おすすめシーンは若テス登場前に呼びに来た美月テーラーを顎で使うところと夢を売る男のラストで暗転前に「俺は夢を売る男」(取り出した指輪にキス)とですかね。一幕終わりの「JACKPOT」と耳にささやくところ(一瞬だから見逃すな)二幕のテスの部屋でのキスを拒まれた顔、「ナイチンゲールだ、はばたくぞ」の無邪気な顔ですかね。多いな。
あとは宙組の環境で前任二人よりもスポットライトに近いところにいたジェンヌとしての育成環境の違いはやっぱり役にも出ていて、おもしろかった。

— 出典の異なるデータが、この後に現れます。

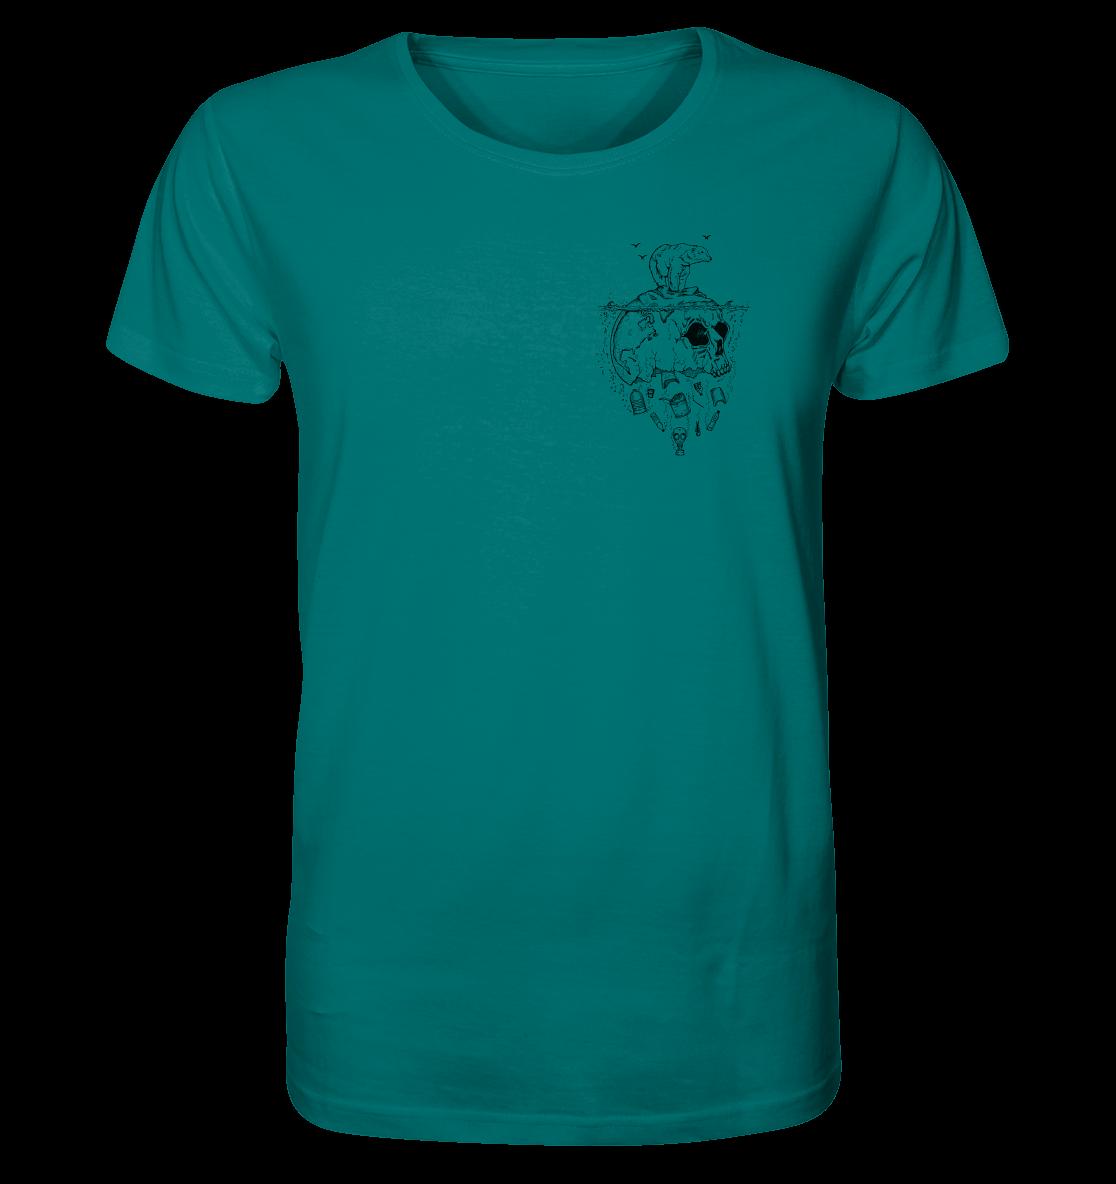 front-organic-shirt-007373-1116x-32.png
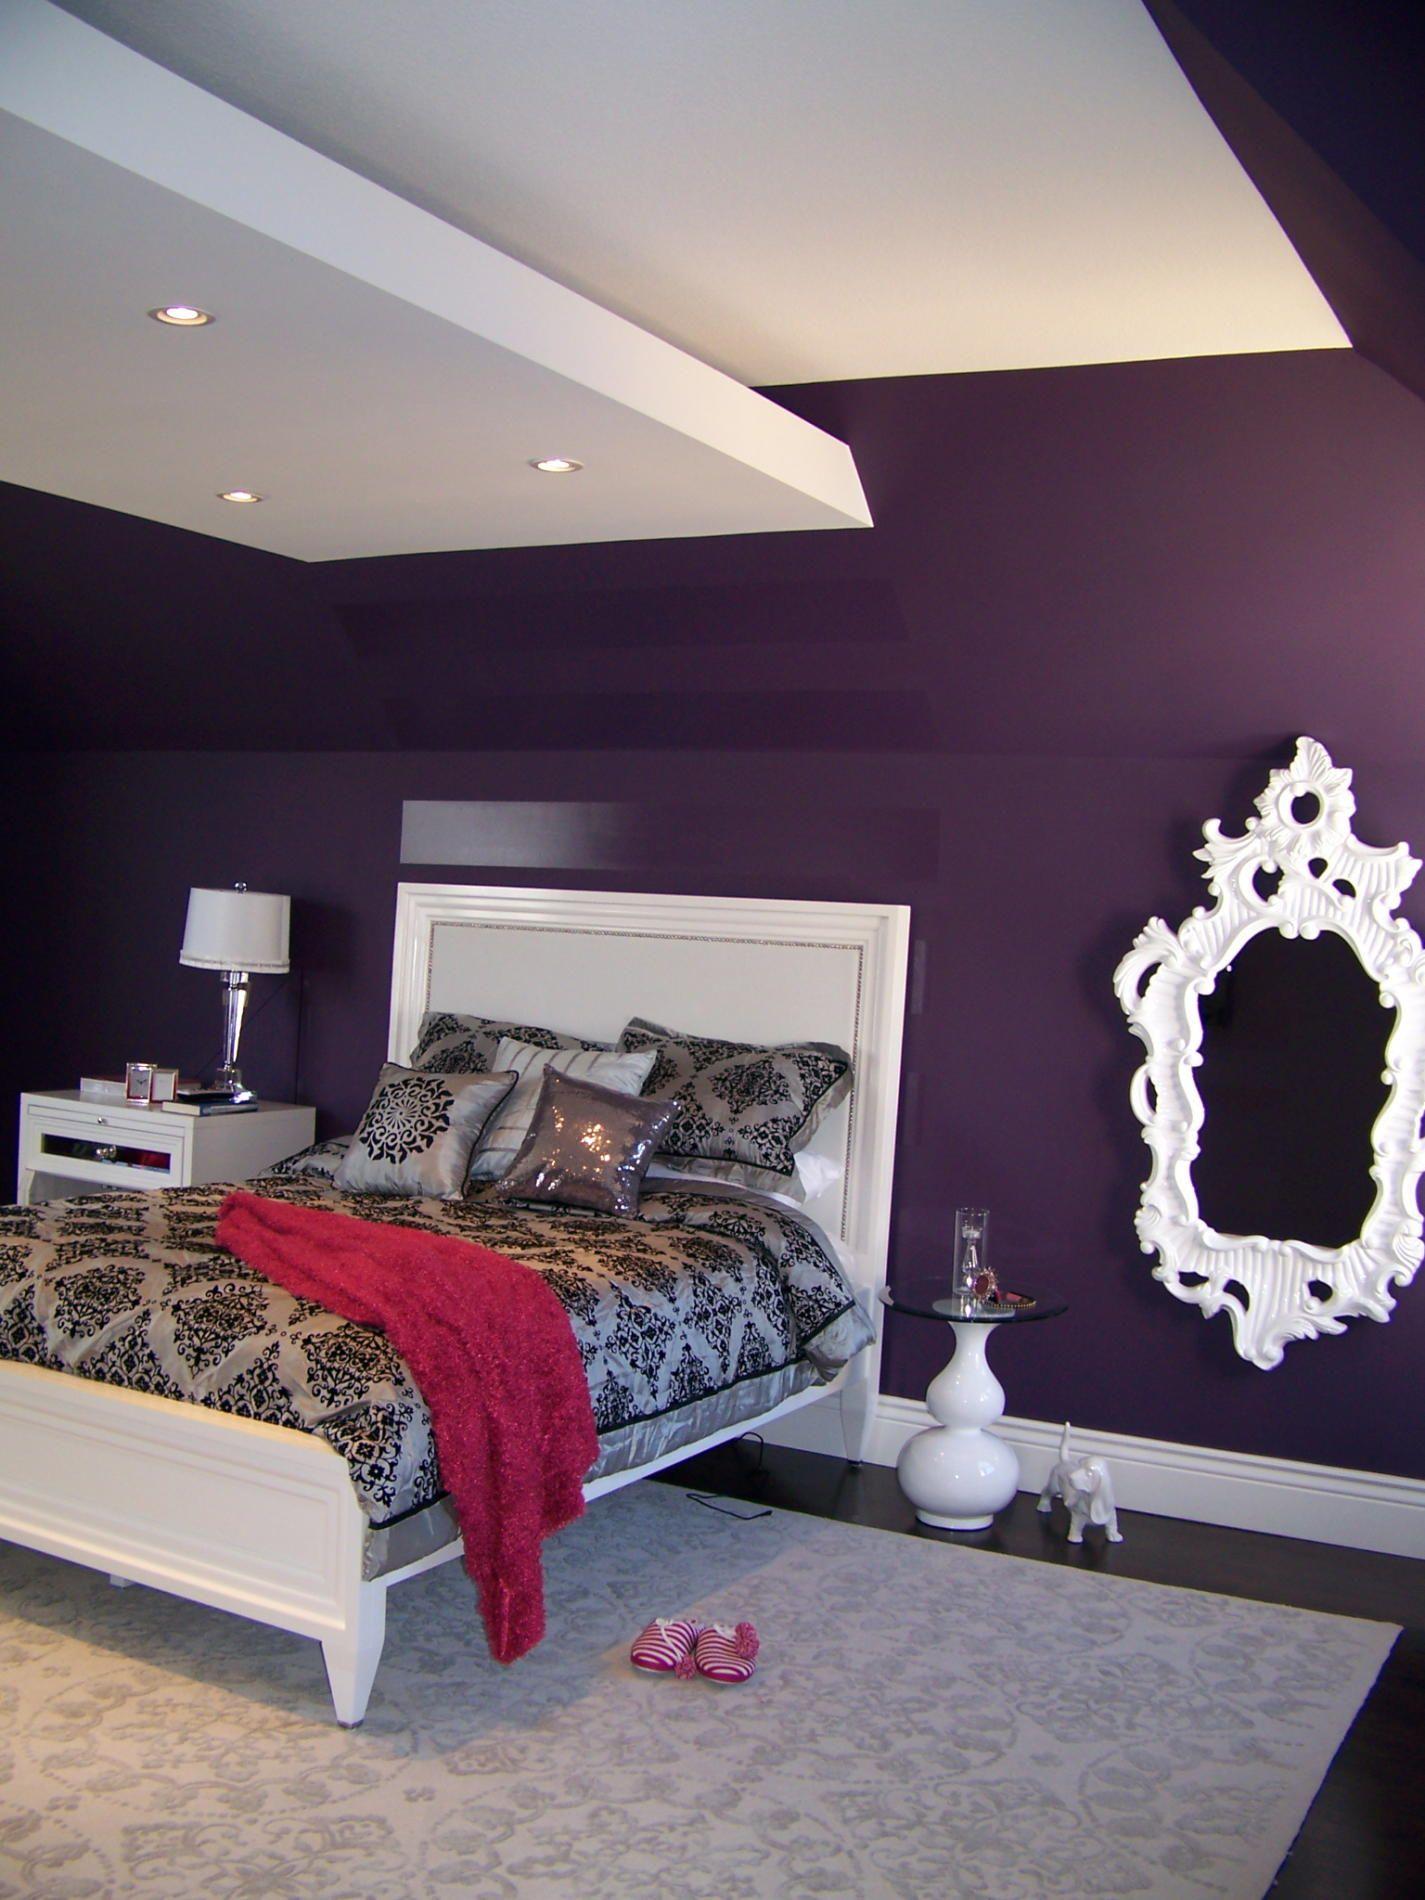 Badezimmer ideen für teenager purple paint for teen bedroom  teenage bedroom ideas x nina

ジェンヌの育て方論みたいな話しちゃうけど前二人が血の滲むような這い上がり(タイプはちがうことはわかってるがあえてまとめる)をみせたのに比べて、今回のしあがった感じは薄いなあとは思った。よくもわるくも。努力してないとかではなく評価の具合の話。それを生かした出来る男感のある役作りだった
— 菜都希 (@th07th) 2019年4月20日
あと前は登場から悪人オーラすごくて本当にテス好き?って感じを受けてたから、今回はテス好きなんだあ!みたいな謎の発見がある。ダニーに指摘されてから悪人かしら?って思う感じでテスと同じ時系列で芝居をたどることができる。
— 菜都希 (@th07th) 2019年4月20日
とりあえずイケコが宙組版に加えたエッセンスはなんとなく読み取れたような気がしたので、あとは東京公演での変化を楽しみにしたい。
後フィナーレのリップ濃くない!?問題については引き続き検証していきたいなと思っています。